WHAT TO PRODUCE
The listing below should be printed in full and exactly, apart from its images.

STORED DATA
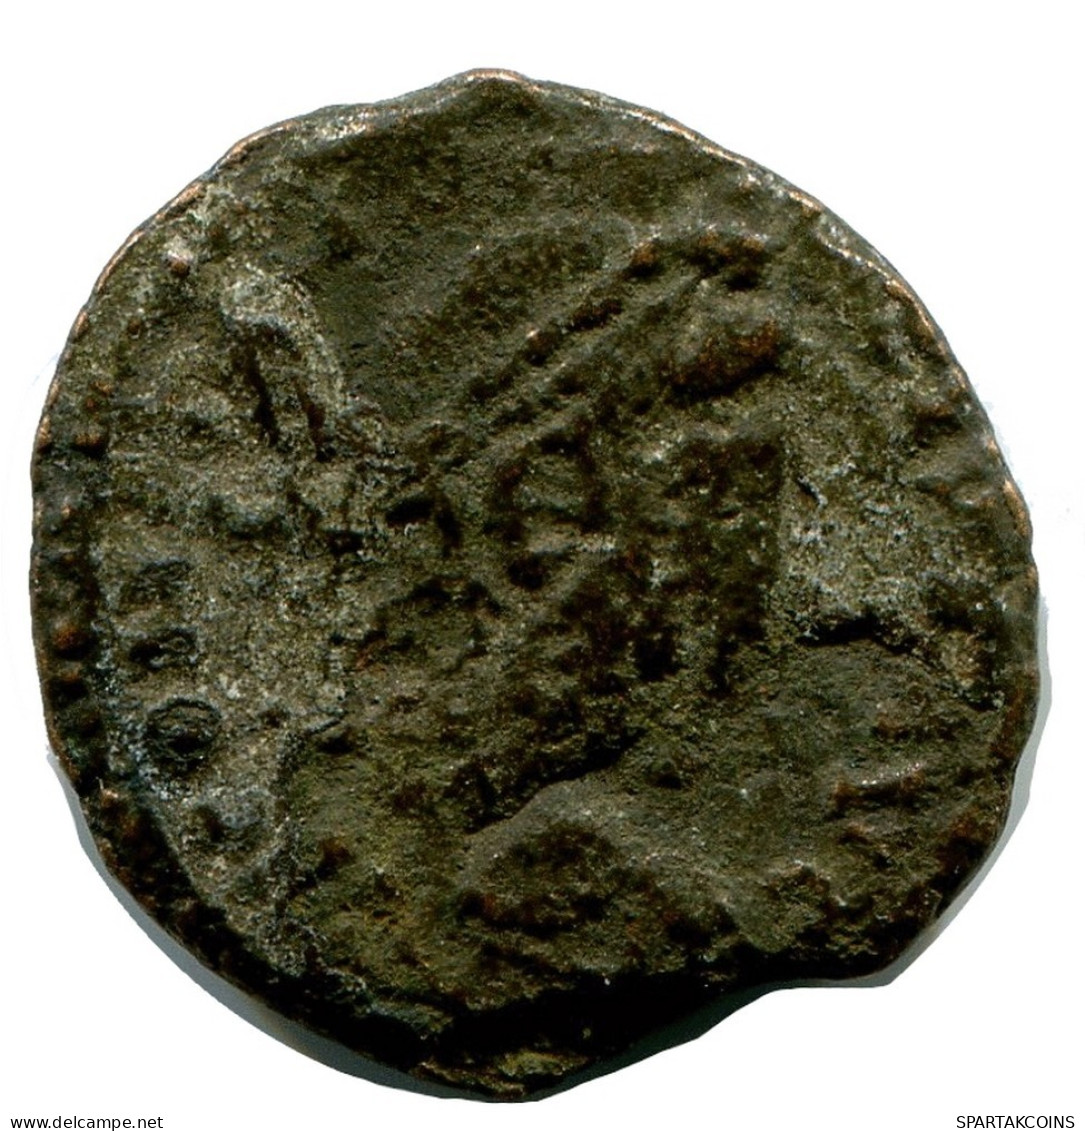 ROMAN Coin MINTED IN ALEKSANDRIA FOUND IN IHNASYAH HOARD EGYPT #ANC10172.14.U.A - El Imperio Christiano (307 / 363)
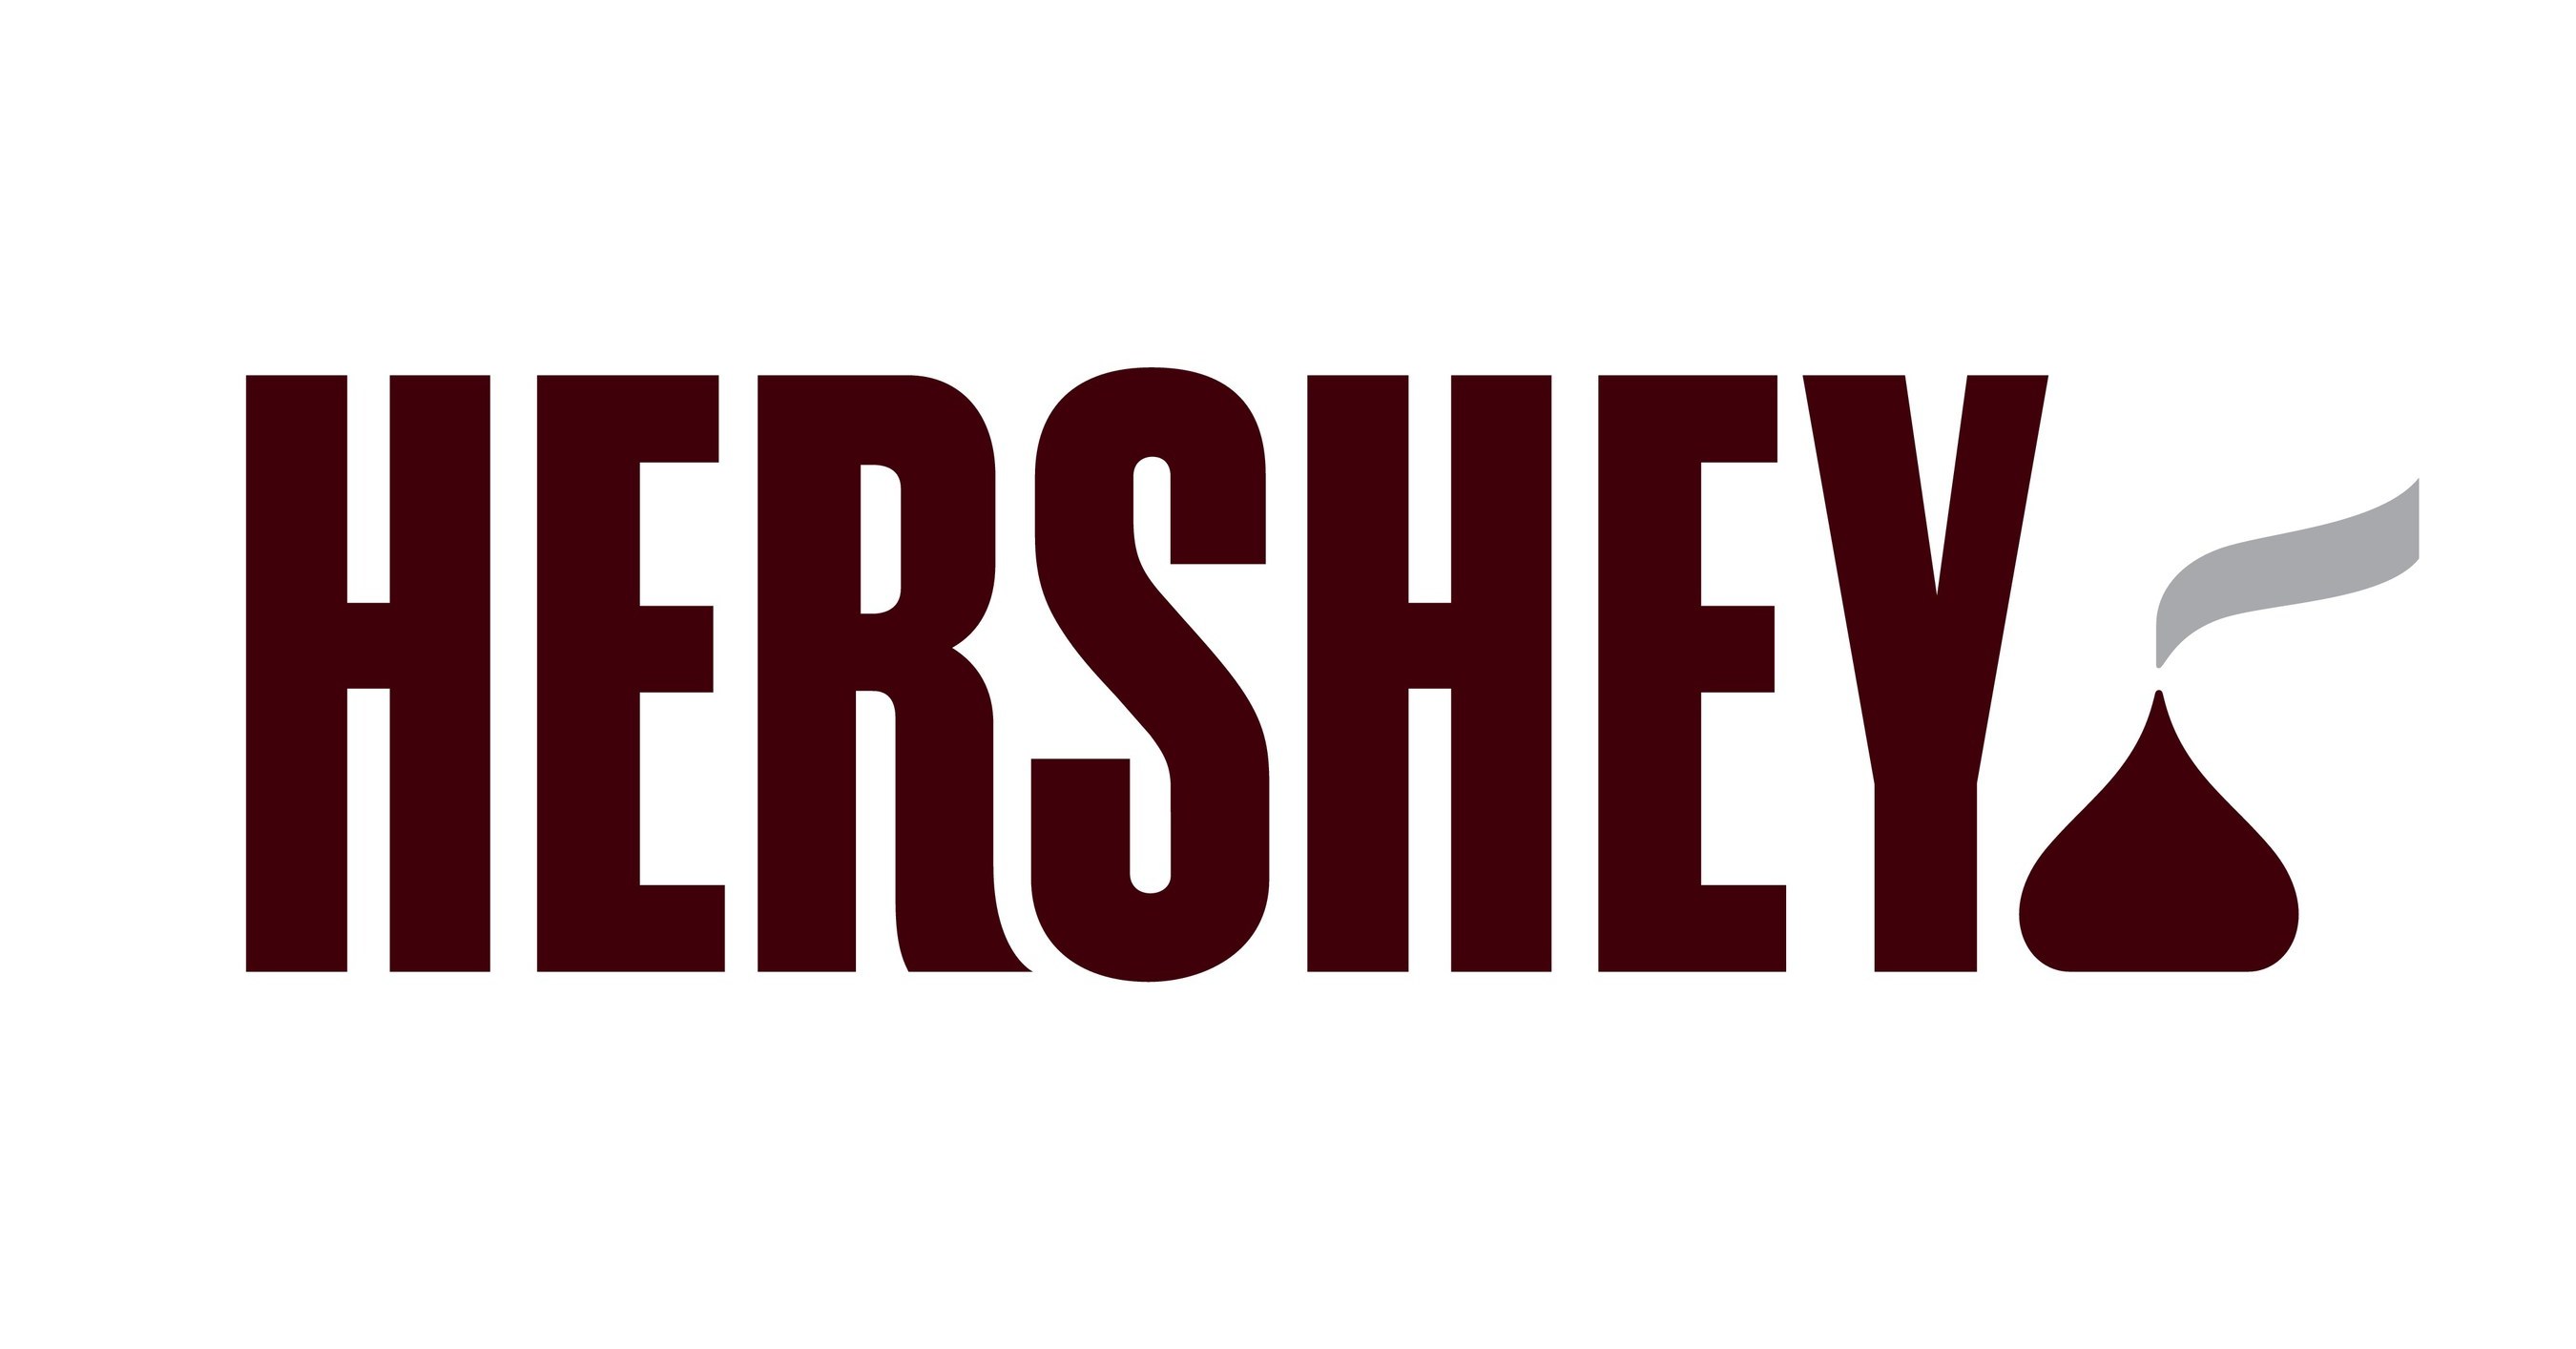 https://mma.prnewswire.com/media/1246276/The_Hershey_Company_Logo.jpg?p=facebook
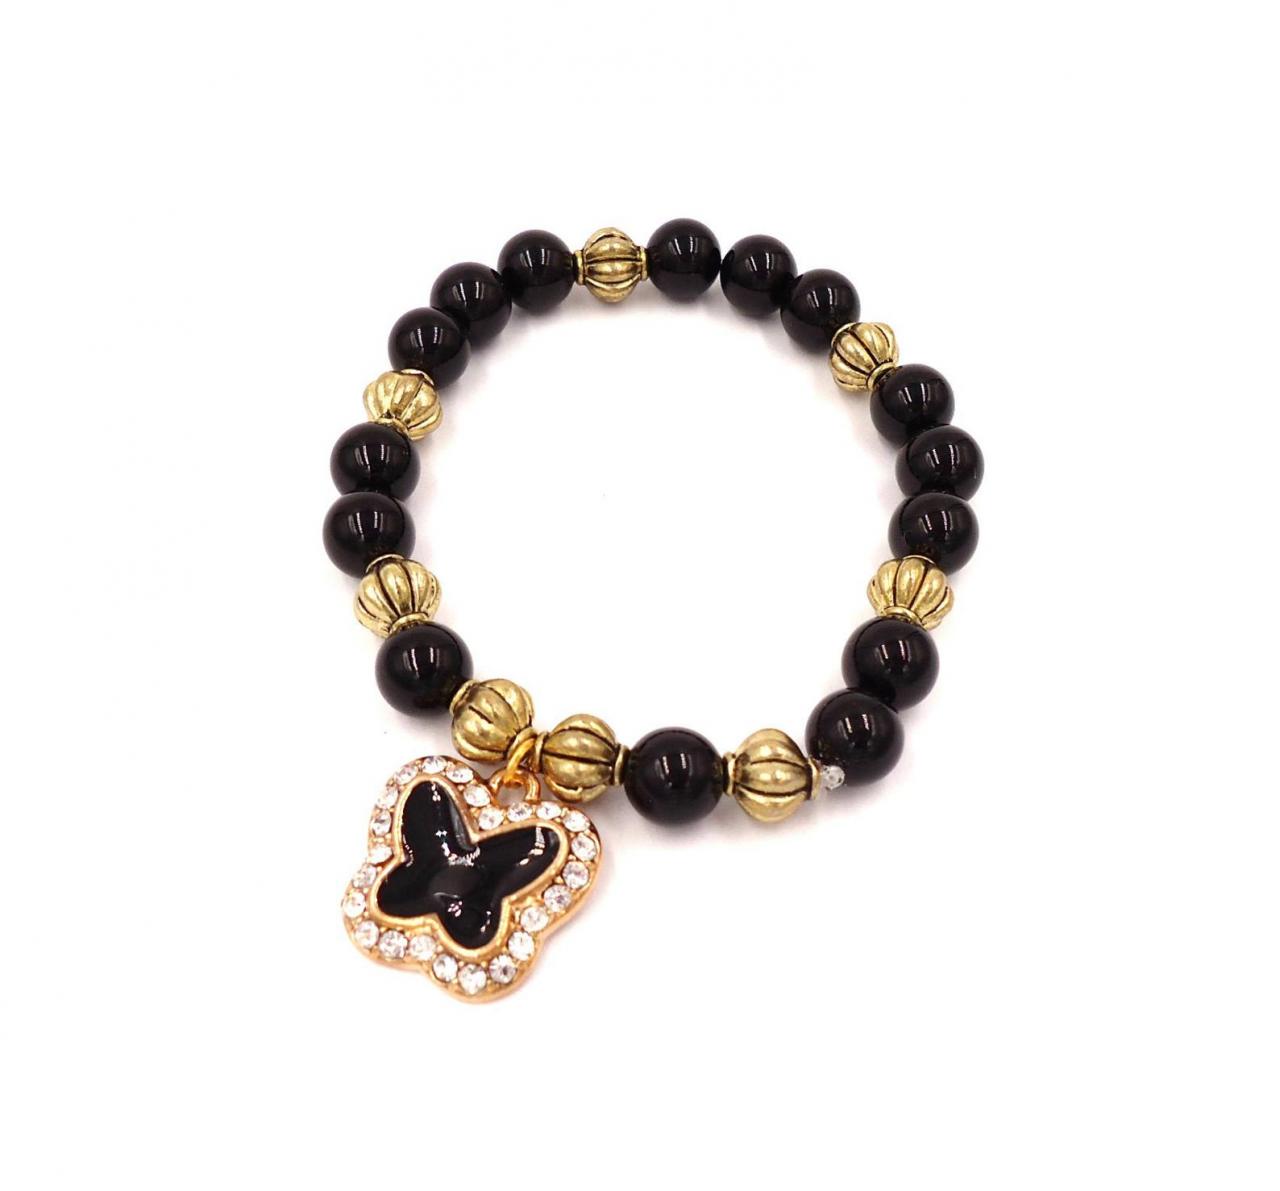 Black Agate Bracelet - Butterfly Charm Bracelet - Crystal Bracelet - Healing Stones - Women Charm Bracelet - Bead Bracelet Gemstone Bracelet

ANSWER TO THE EXERCISE
 ROMAN Coin MINTED IN ALEKSANDRIA FOUND IN IHNASYAH HOARD EGYPT #ANC10172.14.U.A - El Imperio Christiano (307 / 363)
 https://mma.prnewswire.com/media/1246276/The_Hershey_Company_Logo.jpg?p=facebook
 Black Agate Bracelet - Butterfly Charm Bracelet - Crystal Bracelet - Healing Stones - Women Charm Bracelet - Bead Bracelet Gemstone Bracelet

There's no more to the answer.